第九章「同胞」第一節
第一世代の山口鈴は、孝にパソコンを見せた。都の情報が記載されている。彼は一般家庭に引き取られみたいだった。鈴も都と特別扱いを受けていた。実験のために血も提供し続けた。第二世代の実験を、成功させるためにと、実験を手伝い続けた。
実験の手伝いをしていて、彼女が見た限り次世代の研究ーー第二世代の研究も、うまくいっていなかった。都の情報の開示も、鈴がまいた罠だとは、気づいていないようだった。今なら、脱走していった、しようとした者の気持ちが分かる。妻である奈美でさえ容赦なく、殺す人物である。
容赦ない人物の手元にいたなんて、ゾッとする。小さい時の自分は、明らかに狂っていた。実験台になる家族が泣き喚いても、関係なかった。
必要ではないとーー教え込まれていた。競争の中でのし上がるのには、力が必要だった。だからこそ、鈴は孝に体を開いた。名誉も名声も手に入れるために、武器として体を売ったのだ。
いつか、トップになり、実験を引き継ぐ志しを胸に刻んでいた。
鈴の服の中に手が入ってくる。肌を手がはっていく。幼くても鈴の体は素直だった。ぴくり、と体を震わせる。躾てある体は、順応に反応してしまう。小さくても体は「女」だった。「女」としての本能であり、体は順応である。鈴は孝を受け入れば、周囲よりも優位に立てる。高みの見物ができる。孝の実験も手伝っていたし、同等の立場になれるはずである。
人の上に立つのは、気持ちがいいだろうか。
誰のためではなく自分のために、勝ちにいくのだ。居場所のためーー勝利ために、席をとりにいく。
本気で狙いにいく。
そのために、体を開いた。
ーーお願い。
ーー教授、もっと。
何度も何度も体をささげた。ささげてきた。結果、彼女の体は耐えらなくなった。子供もできにくい体に、なってしまった。研究用の次世代すら産めないと分かれば、状況は一変して、周囲の態度と視線は、冷たくなっていく。刃の如く突き刺さる。忌み嫌われる存在となり、一人一人と離れていった。

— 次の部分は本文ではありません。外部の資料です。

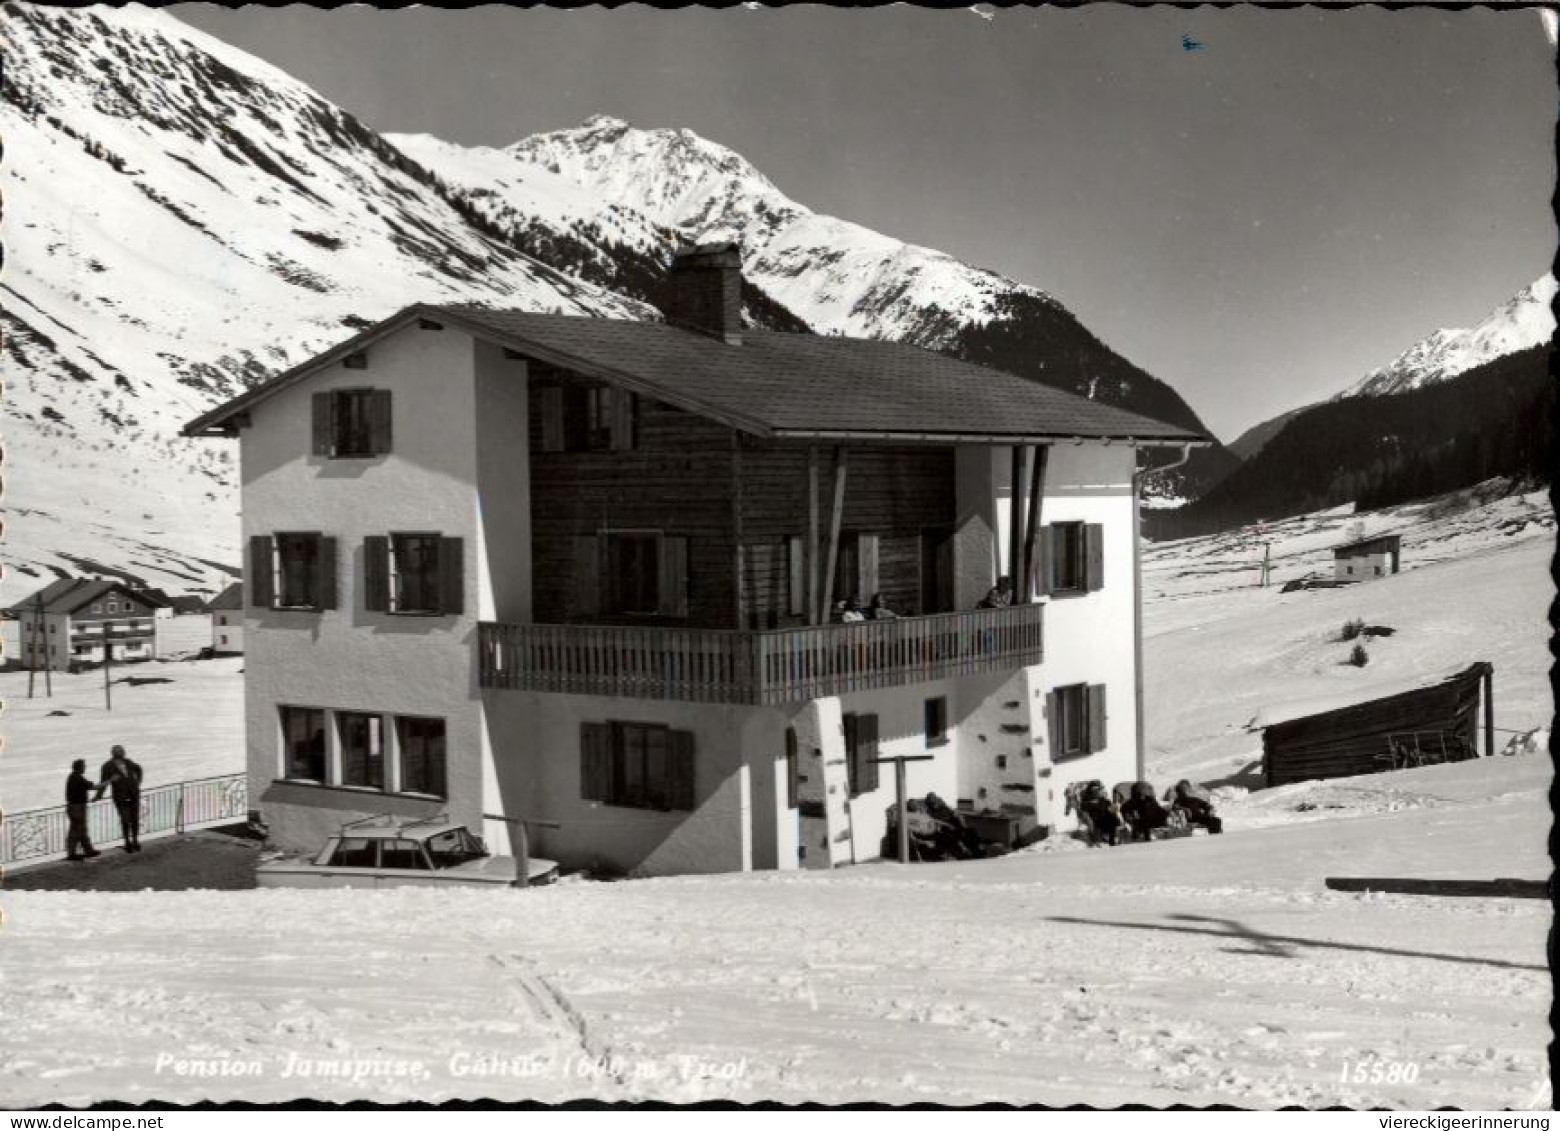 ! S/w Ansichtskarte Galtür In Tirol, Pension Jamspitze, 1965, Österreich, Schnee - Galtür

研究所でのやり取りは、偽りの愛情だった。孝からの愛情なんてなかった。愛してくれている。自分を 見てくれているなんて、幻でしかなかった。
簡単に何もなくなってしまうのだろうか。
砂の塔みたいにもろく、崩れていった。
鈴は駆け引きに負けたのだ。
いらないと、ハシゴをはずされた。
高い場所から、突き落とされた。
体を売ってまで手にしたのは、なんだったのだろうか。
何のためだったのだろうか。
汚れた体で誰が「愛している」と言ってくれるのだろうか。
打ちのめさされて、ボロボロになった時に、湊と出会った。孝を倒すための共犯者として、手を組んだ。飢えていた心も、荒れていた心も、徐々に満たされていく。
潤っていった。
ゆっくりと、染み渡っていった。
今のままだといけない。
自分優位ではいけないと、ダメだと目が覚めた。「孝」の呪縛から解き放たれたのである。自分自身の 「愛」は歪んでいて、正常ではないと知った。狂っていた。抱かれ続かれたのも、鈴の責任である。大きな過ちだったとしても、過去は過去だ。
消せはしないし、前進するしかない。未来は先にあり、見える世界は無限大に広がっていく。広がるだろう世界に、飛び込めばいい。今度は自分が周囲の盾になる番だ。守るべき立場の位置となる。孝に探りの視線を、向けた。彼女が口を出さなくても、研究所は終焉に向かっている。一気にたたみかければ、簡単に研究所は潰れる。簡単に潰れてしまったら、おもしろくない。少しずつ、攻めたてていくつもりでいた。
鈴はふ、と笑った。
孝を見下している笑顔だった。
鈴は無表情に戻る。
「鈴」
「何でしょうか?教授」
「お前は私の傍にいてくれるよな?」
「さぁ?どうでしょう?」
鈴は淡々と孝に返す。
鈴の淡々とした返答に、孝はまゆをひそめた。ひそめても興味はない。鈴はその日が、刻々と近づいているからなのか、湊の言葉を思い出す。
『山口さんがもう少し大きくなって、体力がついたら研究所を抜け出すために動きましょう』
鈴にとって湊の言葉は、救いとなっていた。まだ、動くべきタイミングではないのだろう。信じて待っていた。鈴は孝とこれ以上話すつもりはないと、一礼して研究室を出た。